Nickel-Chromium and Nickel-Chromium-Iron Alloys

• Nickel-chromium and nickel-chromium-iron resistance wires have the following characteristics:
• - High resistance: Nickel-chromium and nickel-chromium-iron resistance wires have higher resistance values, which enables them to generate heat when an electric current passes through.
• - Good temperature resistance: These resistance wires can withstand high temperatures without significant degradation in performance. They are commonly used in applications where high-temperature resistance is required.
• - Stable resistance: The resistance of nickel-chromium and nickel-chromium-iron resistance wires remains relatively stable over time and does not change significantly with temperature or other factors.
• - Corrosion resistance: These resistance wires are relatively resistant to corrosion, making them suitable for use in harsh environments or where exposure to moisture or chemicals is likely.
• - Long service life: Nickel-chromium and nickel-chromium-iron resistance wires typically have a long service life and can withstand repeated heating and cooling cycles without significant deterioration.

These characteristics make nickel-chromium and nickel-chromium-iron resistance wires widely used in applications such as heating elements, resistive heating, industrial processes, and temperature measurement.
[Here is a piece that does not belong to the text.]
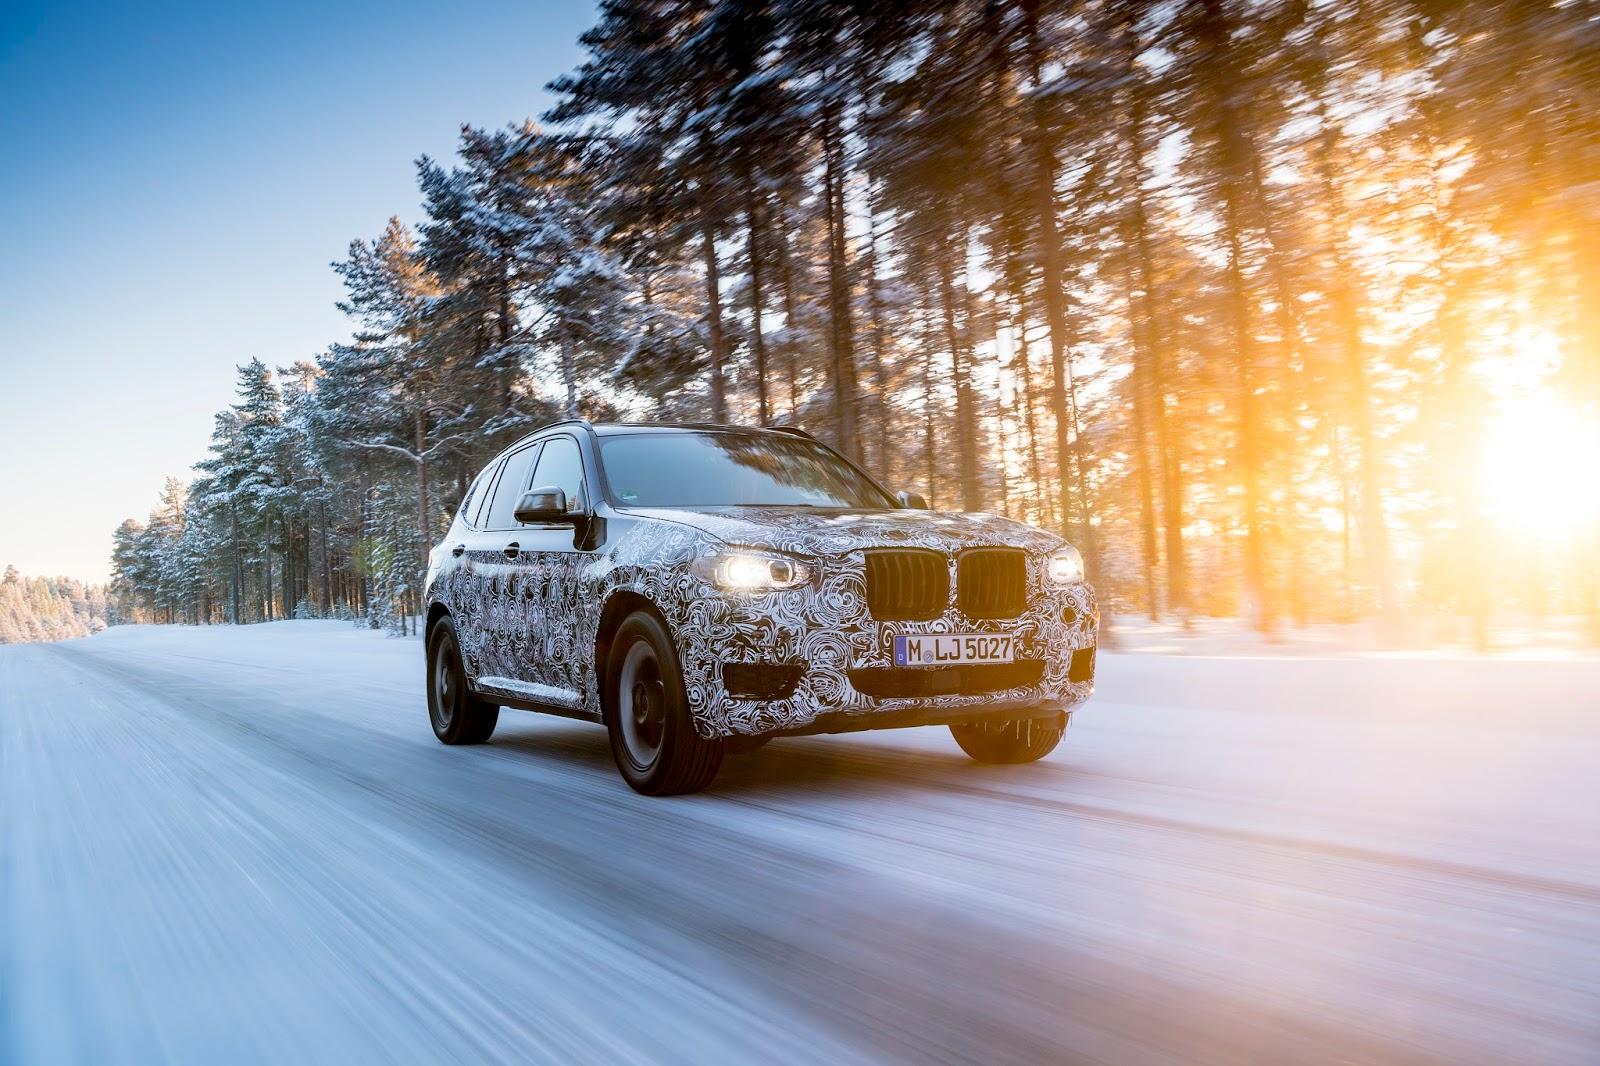 P90249811 highRes the new bmw x3 under Δοκιμές στην παγωμένη Βόρεια Σουηδία, για την επερχόμενη BMW X3 BMW, BMW X, BMW X3, SUV, videos

The specific choice between nickel-chromium and nickel-chromium-iron resistance wires depends on the specific requirements of the application, including temperature range, resistance value, and corrosion resistance needed. Especially Cr20Ni80 alloy has better comprehensive characteristics and it is the preferred type of high quality electric heating elements. All these products are widely used in industrial electric furnace, metallurgy, machinery, household appliances and other industries to produce heating components.

Main Properties and Characteristics of Nickel-Chromium and Nickel-Chromium-Iron Material

Alloy Name Properties		Cr20Ni80	Cr30Ni70	Cr15Ni60	Cr20Ni35	Cr20Ni30
Main Chemical Components	Ni	Remainder	Remainder	55.0-61.0	34.0-37.0	30.0-34.0
	Cr	20.0-23.0	28.0-31.0	15.0-18.0	18.0-21.0	18.0-21.0
	Fe	≤1.0	≤1.0	Remainder	Remainder	Remainder
Maximum operating temperature		1200	1250	1150	1100	1100
Resistivity 20ºC (μΩ·m)		1.09	1.18	1.12	1.0	1.04
Density(g/cm3)		8.40	8.10	8.20	7.90	7.90
Coefficient of heat conductivity (20ºC) (W/m·K)		15	14	13	13	13
Coefficient of linear expansion (20ºC ~ 1000ºC) (α×10-6/ºC)		18.0	17.0	17.0	19.0	19.0
Melting point(ºC)		1400	1380	1390	1390	1390
Tensile strength(Rm/MPa)		≥650	≥650	≥600	≥600	≥600
Elongation(%)		≥20	≥20	≥20	≥20	≥20
Accelerated life test(Hours/ºC)		≥80/1200	≥50/1250	≥80/1150	≥80/1100	≥50/1100
Microscopic structure		Austenite	Austenite	Austenite	Austenite	Austenite
Magnetism		Nonmagnetic	Nonmagnetic	Weak magnetic	Nonmagnetic	Nonmagnetic

The temperature correction factor for Nickel-Chrome and Nickel-Chrome-Iron alloys

Alloy Name	20	100	200	300	400	500	600	700	800	900	1000	1100	1200
	ºC	ºC	ºC	ºC	ºC	ºC	ºC	ºC	ºC	ºC	ºC	ºC	ºC
Cr20Ni80	1	1.006	1.012	1.018	1.025	1.026	1.018	1.01	1.008	1.01	1.014	1.021	1.025
Cr30Ni70	1	1.007	1.016	1.028	1.038	1.044	1.036	1.03	1.028	1.029	1.033	1.037	1.043
Cr15Ni60	1	1.011	1.024	1.038	1.052	1.064	1.069	1.073	1.078	1.088	1.095	1.109
Cr20Ni35	1	1.029	1.061	1.09	1.115	1.139	1.157	1.173	1.188	1.208	1.219	1.228
Cr20Ni30	1	1.023	1.052	1.079	1.103	1.125	1.141	1.158	1.173	1.187	1.201	1.214	1.226
– To obtain resistance at working temperature, multiply by the factor in above table.